Malgré leur large diffusion dans la population, les jeux vidéo, comme l’ensemble des nouvelles technologies, demeurent porteurs de craintes irrationnelles et d’espérances probablement démesurées. D’une part, la pratique de jeux vidéos violents serait un apprentissage conduisant à de la violence dans la réalité. D’autre part, il y aurait chez certaines personnes une confusion entre l’univers du jeu et l’univers réel, c’est-à-dire une forme de schizophrénie. « Ces deux hypothèses ne sont pas absurdes, au départ, sur le plan théorique, mais elles ne sont pas, pour le moment, validées dans notre pratique par les faits. », assure le docteur Marc Valleur, directeur du centre Marmottan. Concernant les espérances, ce psychiatre affirme : « On donne l’impression d’être face à de nouvelles formes culturelles. C’est seulement en partie vrai. Certains jeux vidéo très pratiqués ne sont jamais que des formes informatisées des jeux les plus vieux du monde. La nouveauté réside dans un rapport à l’objet qui n’est pas une relation de pure emprise comme on l’a dans la plupart des jeux. Par exemple, dans les Sim’s, la poupée dispose d’une gamme de comportements autonomes. D’autre part, avec Internet, de nouvelles formes de socialisation apparaissent dans la mesure où ce qui est secret, partagé, de l’ordre de l’intime, est très différent de ce qui se passe dans la plupart des autres échanges. ».

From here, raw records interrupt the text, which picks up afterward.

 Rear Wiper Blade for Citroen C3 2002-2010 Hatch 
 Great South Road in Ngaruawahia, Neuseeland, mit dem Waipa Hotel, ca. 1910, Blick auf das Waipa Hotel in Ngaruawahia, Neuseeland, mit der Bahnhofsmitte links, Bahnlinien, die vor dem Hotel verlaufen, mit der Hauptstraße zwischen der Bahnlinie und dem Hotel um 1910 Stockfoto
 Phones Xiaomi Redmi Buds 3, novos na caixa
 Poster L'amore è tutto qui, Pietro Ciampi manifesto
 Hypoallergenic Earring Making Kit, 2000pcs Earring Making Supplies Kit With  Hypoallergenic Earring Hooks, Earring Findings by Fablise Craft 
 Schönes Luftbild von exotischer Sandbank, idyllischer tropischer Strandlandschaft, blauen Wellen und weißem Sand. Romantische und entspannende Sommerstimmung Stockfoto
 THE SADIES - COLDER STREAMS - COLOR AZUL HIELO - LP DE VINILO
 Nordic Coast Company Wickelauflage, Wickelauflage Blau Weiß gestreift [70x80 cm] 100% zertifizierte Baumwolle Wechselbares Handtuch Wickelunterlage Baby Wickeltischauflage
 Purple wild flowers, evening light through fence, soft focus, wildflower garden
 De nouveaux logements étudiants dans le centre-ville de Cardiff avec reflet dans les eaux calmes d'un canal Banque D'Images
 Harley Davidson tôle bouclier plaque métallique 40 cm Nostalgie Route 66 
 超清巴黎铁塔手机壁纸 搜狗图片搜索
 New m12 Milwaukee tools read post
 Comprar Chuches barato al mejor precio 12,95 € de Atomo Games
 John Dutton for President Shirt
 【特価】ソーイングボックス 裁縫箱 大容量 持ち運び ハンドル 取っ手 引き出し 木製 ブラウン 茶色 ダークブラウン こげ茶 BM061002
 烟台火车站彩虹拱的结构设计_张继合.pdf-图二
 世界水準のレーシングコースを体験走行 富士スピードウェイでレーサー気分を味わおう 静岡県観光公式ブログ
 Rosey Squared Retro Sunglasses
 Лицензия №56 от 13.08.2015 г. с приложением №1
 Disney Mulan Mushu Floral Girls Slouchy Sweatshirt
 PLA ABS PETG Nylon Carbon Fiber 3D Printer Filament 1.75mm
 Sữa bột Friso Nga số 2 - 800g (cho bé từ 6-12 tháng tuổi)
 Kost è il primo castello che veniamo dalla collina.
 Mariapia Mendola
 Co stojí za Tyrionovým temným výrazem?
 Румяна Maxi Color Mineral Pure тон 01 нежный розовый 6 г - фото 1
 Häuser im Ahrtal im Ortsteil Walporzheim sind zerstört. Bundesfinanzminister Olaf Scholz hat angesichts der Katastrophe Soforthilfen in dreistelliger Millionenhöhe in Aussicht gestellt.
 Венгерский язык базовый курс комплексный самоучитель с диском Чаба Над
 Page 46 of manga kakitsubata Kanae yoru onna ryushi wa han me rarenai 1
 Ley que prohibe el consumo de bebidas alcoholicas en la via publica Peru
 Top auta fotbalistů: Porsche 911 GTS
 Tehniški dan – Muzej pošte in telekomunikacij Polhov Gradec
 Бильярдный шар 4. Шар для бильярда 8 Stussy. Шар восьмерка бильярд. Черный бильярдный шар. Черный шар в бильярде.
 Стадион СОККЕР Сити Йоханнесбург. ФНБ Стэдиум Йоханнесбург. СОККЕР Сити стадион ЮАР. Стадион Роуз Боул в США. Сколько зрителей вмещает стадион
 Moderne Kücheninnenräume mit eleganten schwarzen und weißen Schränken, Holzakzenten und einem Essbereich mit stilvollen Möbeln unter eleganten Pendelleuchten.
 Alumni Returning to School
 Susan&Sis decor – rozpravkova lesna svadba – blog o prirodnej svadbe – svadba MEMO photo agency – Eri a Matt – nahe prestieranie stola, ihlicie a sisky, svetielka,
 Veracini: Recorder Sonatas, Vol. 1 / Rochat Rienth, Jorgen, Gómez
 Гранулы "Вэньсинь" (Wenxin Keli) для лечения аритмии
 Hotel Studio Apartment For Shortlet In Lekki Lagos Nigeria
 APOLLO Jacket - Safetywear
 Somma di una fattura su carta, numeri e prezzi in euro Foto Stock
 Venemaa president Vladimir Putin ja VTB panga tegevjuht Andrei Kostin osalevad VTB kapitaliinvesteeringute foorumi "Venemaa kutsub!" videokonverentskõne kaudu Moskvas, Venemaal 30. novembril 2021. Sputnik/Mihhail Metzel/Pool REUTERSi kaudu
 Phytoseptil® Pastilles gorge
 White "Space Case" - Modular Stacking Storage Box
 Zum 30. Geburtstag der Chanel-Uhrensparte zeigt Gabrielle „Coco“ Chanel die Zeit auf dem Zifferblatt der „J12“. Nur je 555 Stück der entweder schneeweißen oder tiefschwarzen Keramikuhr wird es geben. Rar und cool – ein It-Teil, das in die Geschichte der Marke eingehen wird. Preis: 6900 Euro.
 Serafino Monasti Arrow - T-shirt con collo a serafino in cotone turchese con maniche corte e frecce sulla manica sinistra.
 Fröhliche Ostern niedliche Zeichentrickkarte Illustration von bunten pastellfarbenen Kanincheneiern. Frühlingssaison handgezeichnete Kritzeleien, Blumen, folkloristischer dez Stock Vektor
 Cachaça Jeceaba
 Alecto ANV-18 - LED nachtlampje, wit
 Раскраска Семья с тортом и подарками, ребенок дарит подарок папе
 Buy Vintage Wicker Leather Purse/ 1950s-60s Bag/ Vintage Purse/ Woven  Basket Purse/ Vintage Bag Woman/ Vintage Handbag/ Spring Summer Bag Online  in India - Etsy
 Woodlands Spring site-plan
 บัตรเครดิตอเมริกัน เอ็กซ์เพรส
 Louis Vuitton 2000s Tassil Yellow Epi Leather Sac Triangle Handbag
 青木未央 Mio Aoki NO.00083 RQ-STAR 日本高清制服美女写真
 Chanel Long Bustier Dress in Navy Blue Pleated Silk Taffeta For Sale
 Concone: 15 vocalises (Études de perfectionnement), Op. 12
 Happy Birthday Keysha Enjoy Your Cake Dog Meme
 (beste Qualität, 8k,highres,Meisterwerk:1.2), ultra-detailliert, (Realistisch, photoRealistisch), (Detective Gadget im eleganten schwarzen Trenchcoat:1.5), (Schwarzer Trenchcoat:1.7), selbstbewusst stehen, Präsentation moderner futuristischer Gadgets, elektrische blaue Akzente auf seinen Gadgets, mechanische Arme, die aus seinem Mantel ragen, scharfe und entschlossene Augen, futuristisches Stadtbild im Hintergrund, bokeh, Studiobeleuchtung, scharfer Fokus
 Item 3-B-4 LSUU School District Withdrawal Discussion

Geste à tester : Dépassez le Da Vinci Code, Tétris et le Démineur ! Ayez foi en votre quête intérieure et expérimentez les jeux vidéo d’aventure médiévale, cette formidable ingénierie à fabriquer du social ! Sinon, vous pourriez avoir de petits problèmes pour utiliser d’ici une – ou deux ? – décennie les hologrammes façon Guerre des Etoiles pour vos conversations à distance ?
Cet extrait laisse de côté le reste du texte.